→ PROBLEM REQUIREMENTS: Word for word, set down every line of the entries below from the line with "Vélos-en-libre-service" to the line with "Σπίτια κατά μήκος", including both, and no other line.

→ GIVEN RECORDS:
———

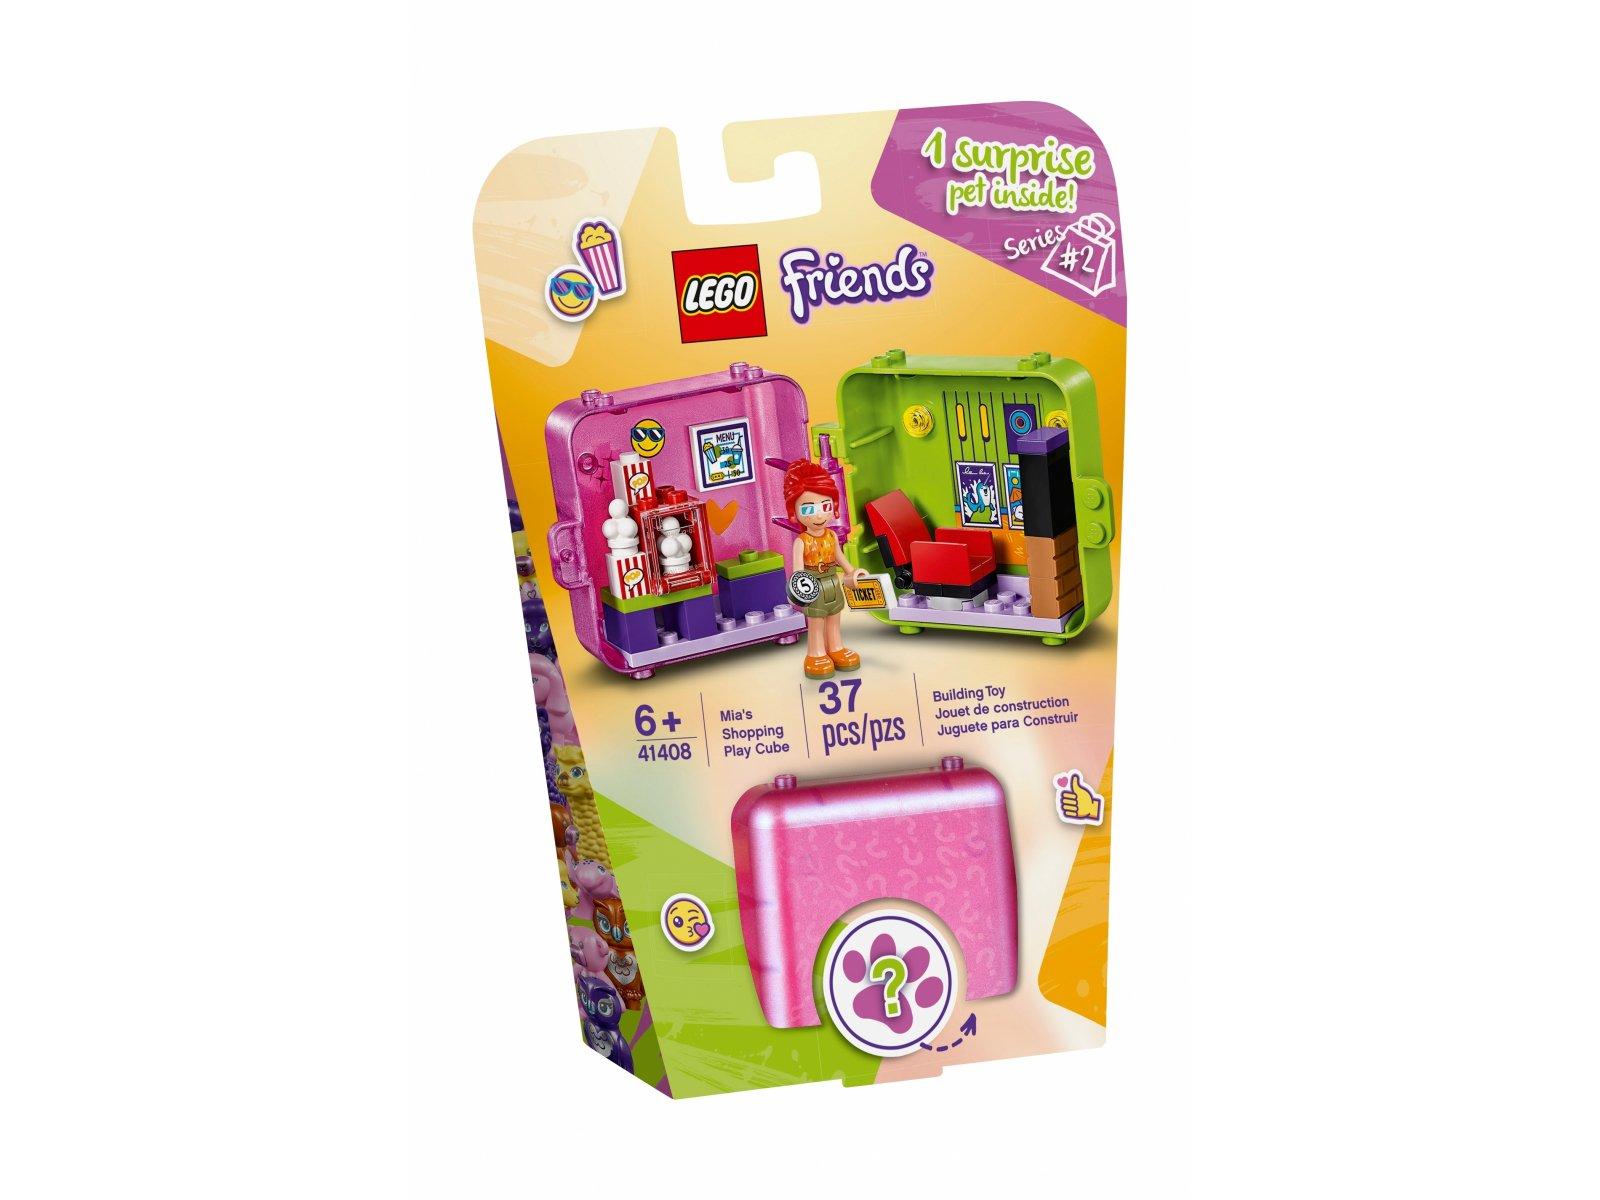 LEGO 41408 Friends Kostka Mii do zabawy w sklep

———

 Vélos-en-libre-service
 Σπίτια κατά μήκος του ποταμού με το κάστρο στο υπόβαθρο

———

→ ANSWER FOR THIS EXERCISE:
 Vélos-en-libre-service
 Σπίτια κατά μήκος του ποταμού με το κάστρο στο υπόβαθρο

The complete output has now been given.